As we begin venturing back into the office, ORH looks at the impact that Covid-19 has had on ambulance response data.
Historical data is an important element of ORH’s analysis for model inputs. The type and number of incidents that emergency service vehicles respond to play an important part in the forecasting of future incidents. When we come to analyse the data for 2020 there will be unusual patterns that will, hopefully, not be reflective of what we can expect of future behaviour.
NHS England releases the Statistical Note: Ambulance Quality Indicators each month, and the latest (published on 9 July 2020) reported that the number of 999 calls in May and June of this year were the lowest for two years. For the last four months, ambulance services have resolved incidents differently to normal practice. Usually just under 60% of incidents across England are conveyed to an emergency department, and around 30% of incidents are resolved at scene. As Covid-19 began to affect life in England during March, so the proportion of patients transported to hospital dropped and was lowest in April at 44%. The percentage increased in May, but was still only 53% in June when England began to emerge from lockdown as non-essential retailers reopened in mid-June.
There has also been a significant change in England’s ambulance response times. In March response times increased significantly as the number of Covid-19 cases increased, but then in April response times improved dramatically, even though Covid-19 cases were at their highest.
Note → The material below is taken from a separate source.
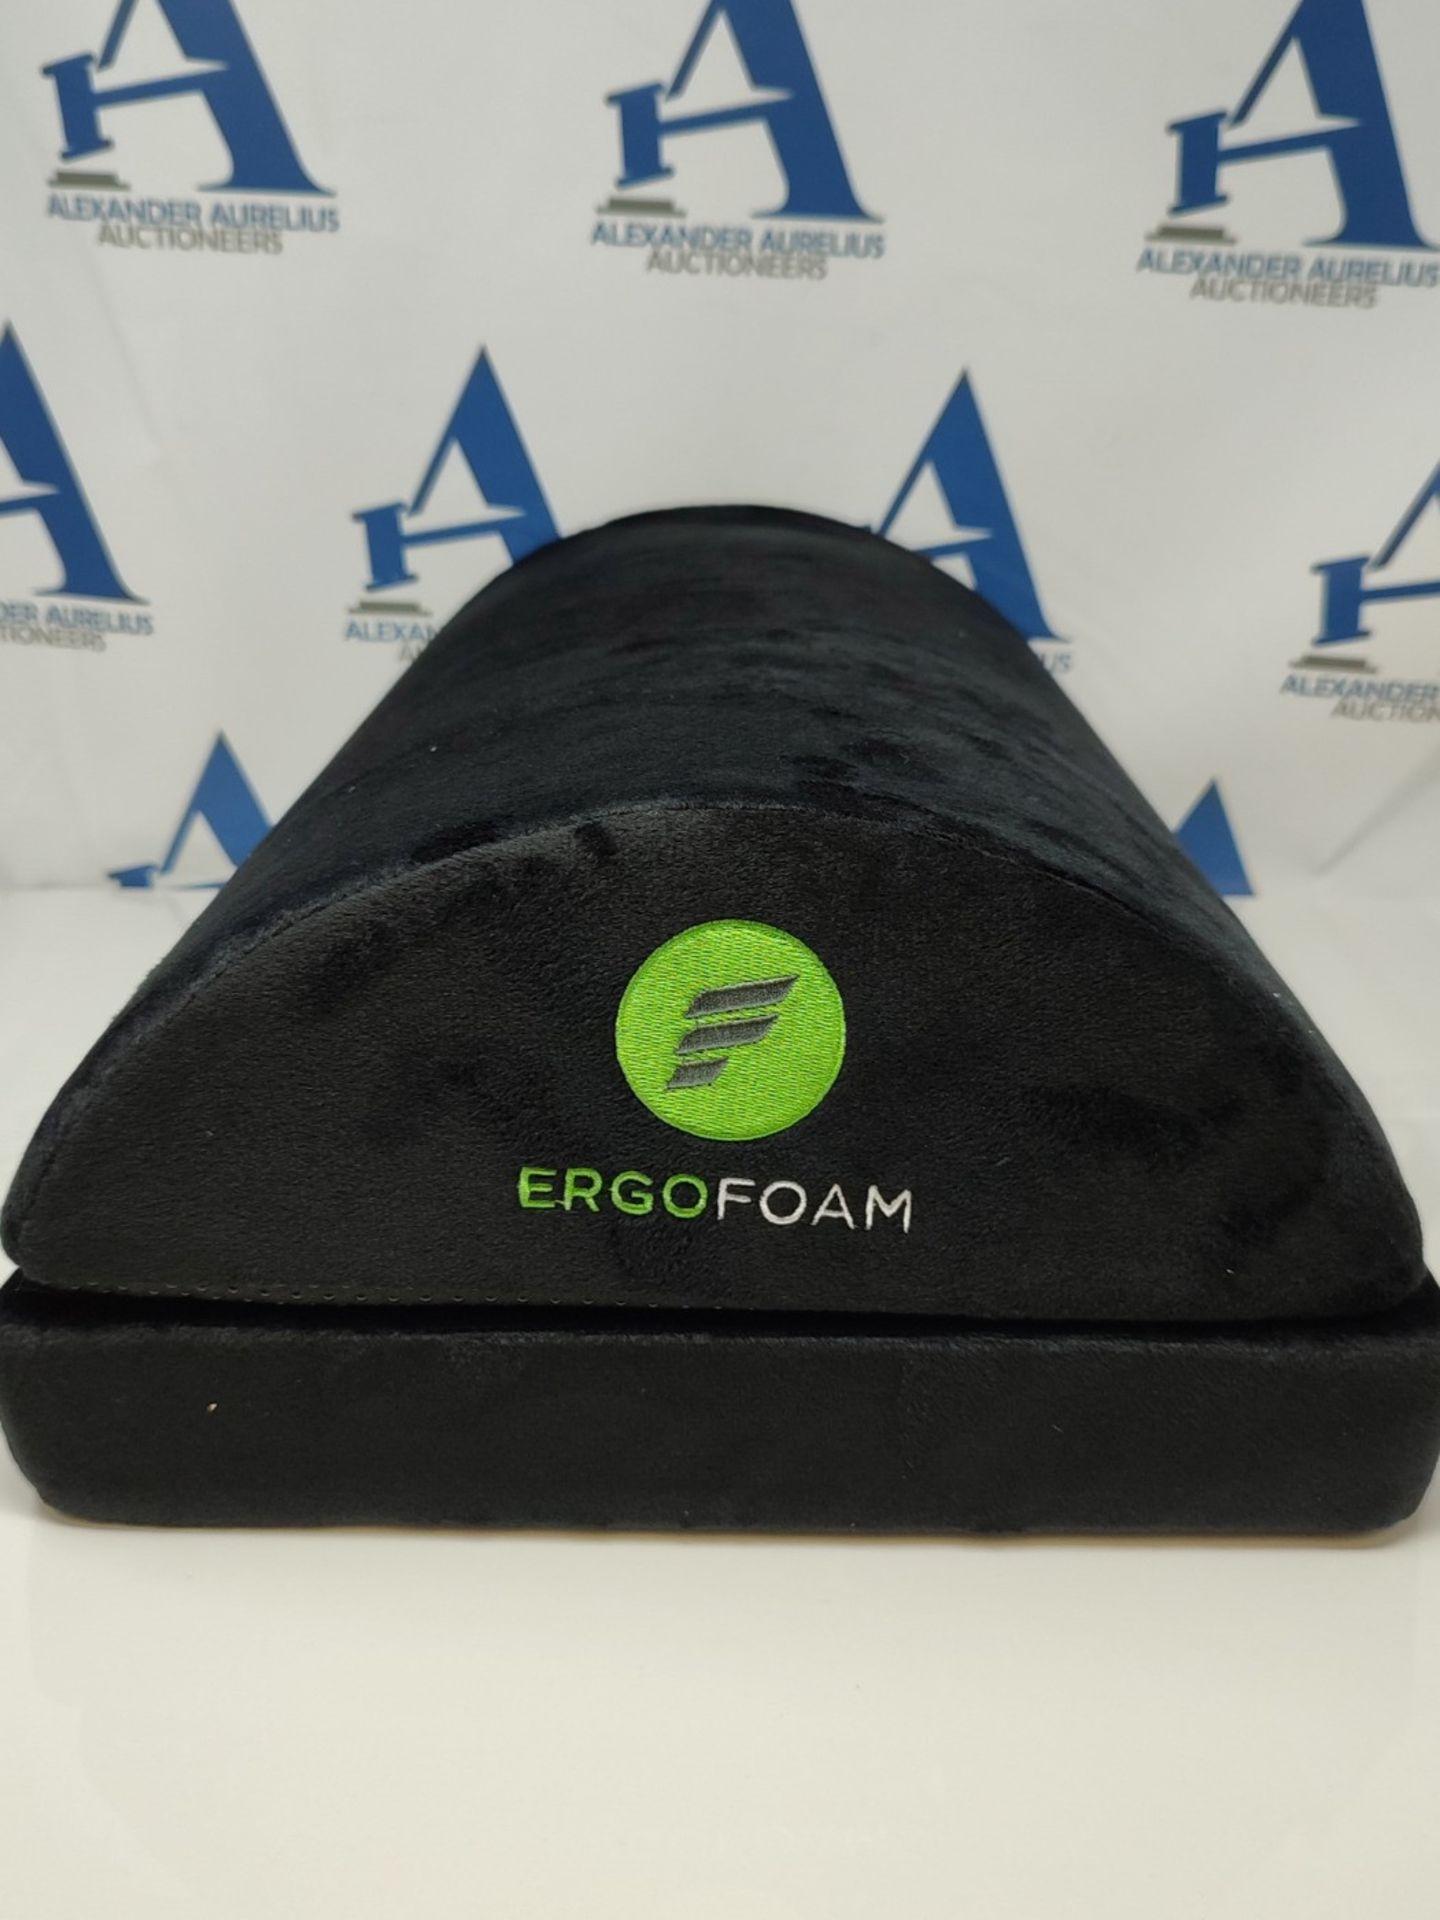 ErgoFoam Foot Rest for Under Desk at Work Chiropractor-Endorsed Orthopedic Teardrop De
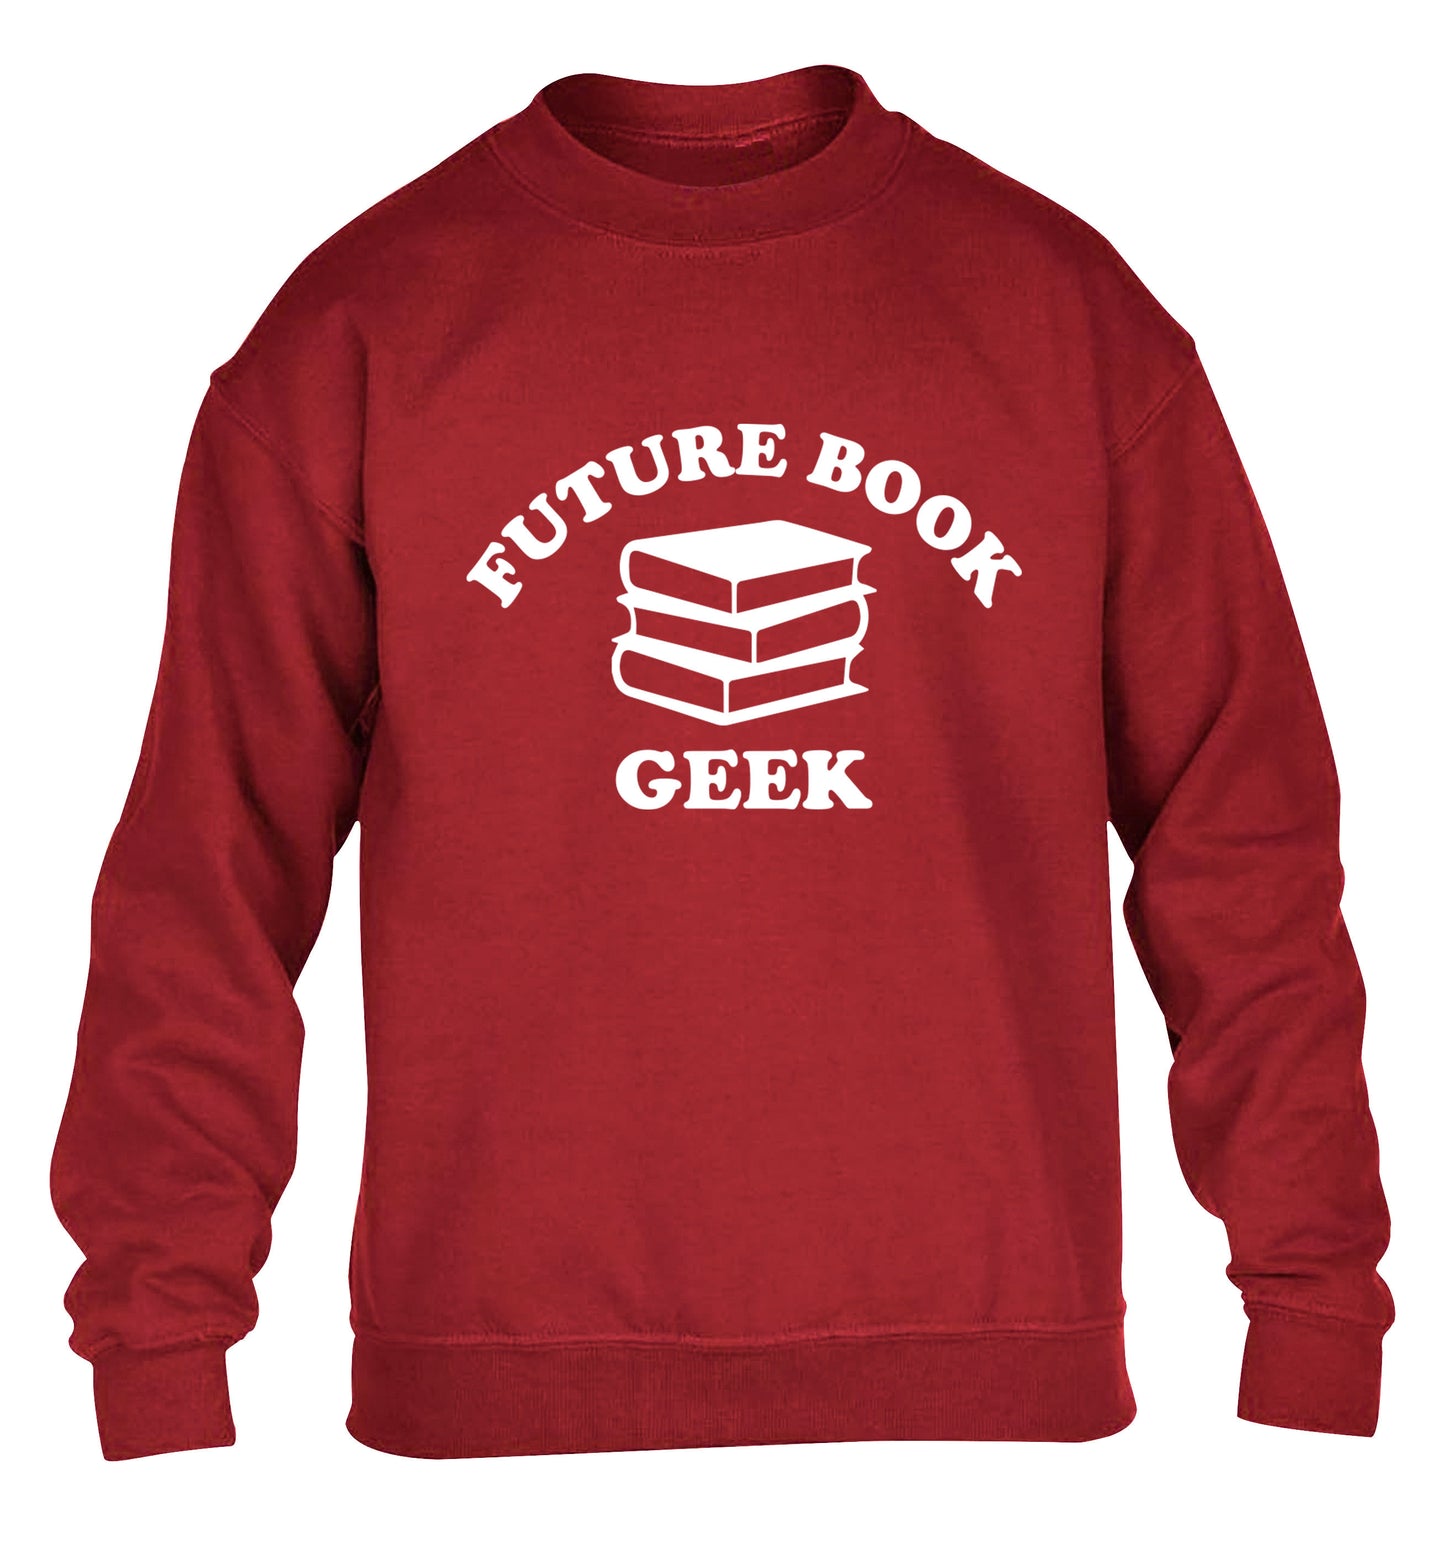 Future book geek children's grey sweater 12-14 Years

Markedly in May, ambulance response times were at their quickest since measures began in 2017 across all four response categories. There was a small increase in response times in June compared to May, but they remained lower than during pre-pandemic times.
For a third of 2020, how ambulances resolve incidents and their response times have been far from normal, and it remains to be seen what the rest of 2020 holds in store for us when it comes to predicting the future.